Is Utah the nation's dumping ground for contaminated waste?
As a Deseret Morning News report explained over the weekend, a lot of states like to use that claim when arguing against new radioactive waste disposal projects. People in Texas, Nevada and Tennessee all claim they are becoming the No. 1 dumping ground, just as Utahns, from the governor to the last environmentalist on the totem pole, have claimed the same thing from time to time.
The truth is difficult to pin down. But, really, the argument misses the point. The important thing isn't whether a state is No. 1 in radioactive waste disposal. It is whether other parts of the country automatically think of that state when they have something to dump. And it is whether that state has enough safeguards in place to protect its citizens from hazardous materials.
Because it is remote and filled with wide empty spaces that may not seem particularly beautiful to some, Utah is at risk of being seen as an ideal dumping ground. At the same time, lawmakers here have seemed reluctant to impose higher taxes on waste disposal.
But this is an issue in which image means more than reality.

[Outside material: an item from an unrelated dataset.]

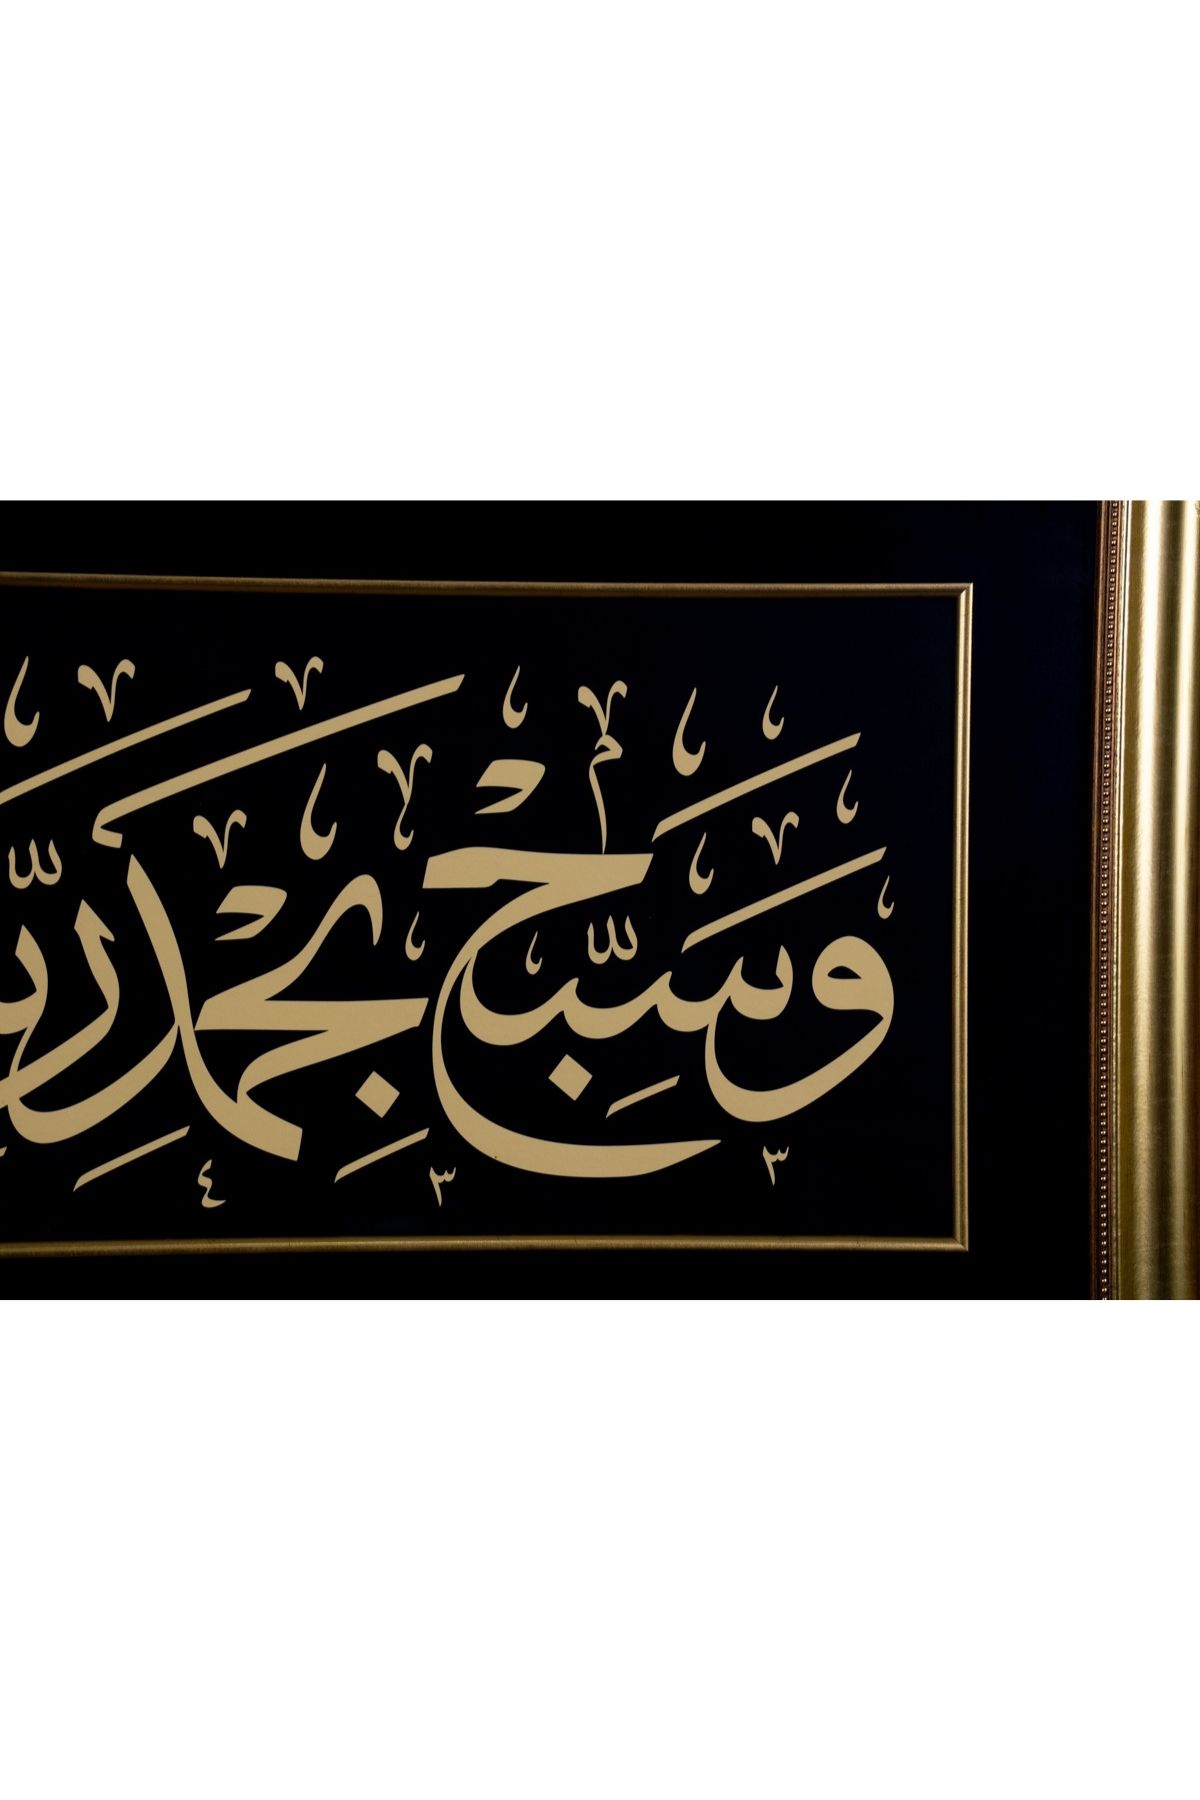 İslami Tablo 56x85 cm Tıpkı Basım Hat Sanatı Dekoratif Çerçeveli ’’Vesebbih Bihamdi Rabbike’’

Frankly, it would be hard to find an issue in which reason and sense get thumped more soundly by politics and public perception. The unpleasant truth is that modern society creates a lot of waste that contains radiation everything from life-saving medical equipment to the luminescent dials on watches. And we create even worse wastes in order to provide power to a burgeoning population. Those things make life more pleasant, but the waste has got to go somewhere.
Preferably somewhere else, of course.
Envirocare, Utah's only commercial low-level radioactive waste dump, has a good record when it comes to disposing of the stuff. Even the proposal by Private Fuel Storage to dump tons of super-hot spent nuclear fuel rods on the Goshute Reservation could be done safely and without much impact to the environment.
But public perception should not be casually dismissed. Nor should arguments about the proper uses for Utah's fragile desert landscapes.
Utahns don't want hazardous wastes here. That's understandable. It is even commendable. This state has so much good to offer that it can't afford to allow too much of what people loathe and fear even if those fears are sometimes irrational.
Gov. Mike Leavitt has said he won't allow Envirocare to accept waste that has a higher radioactive content. That is an appropriate position to take. He also strongly opposes the nuclear waste the Goshutes want. That, too, is a good position.
The U.S. government has options when it comes to the really hot stuff. It could reverse a 30-year-old policy and begin recycling spent fuel rods, for instance.
The less dangerous stuff, meanwhile, can be stored at any of a number of places nationwide. It doesn't have to come here.
Right now, polls generally show that people don't think of hazardous wastes when they think of Utah. What a shame if they ever did.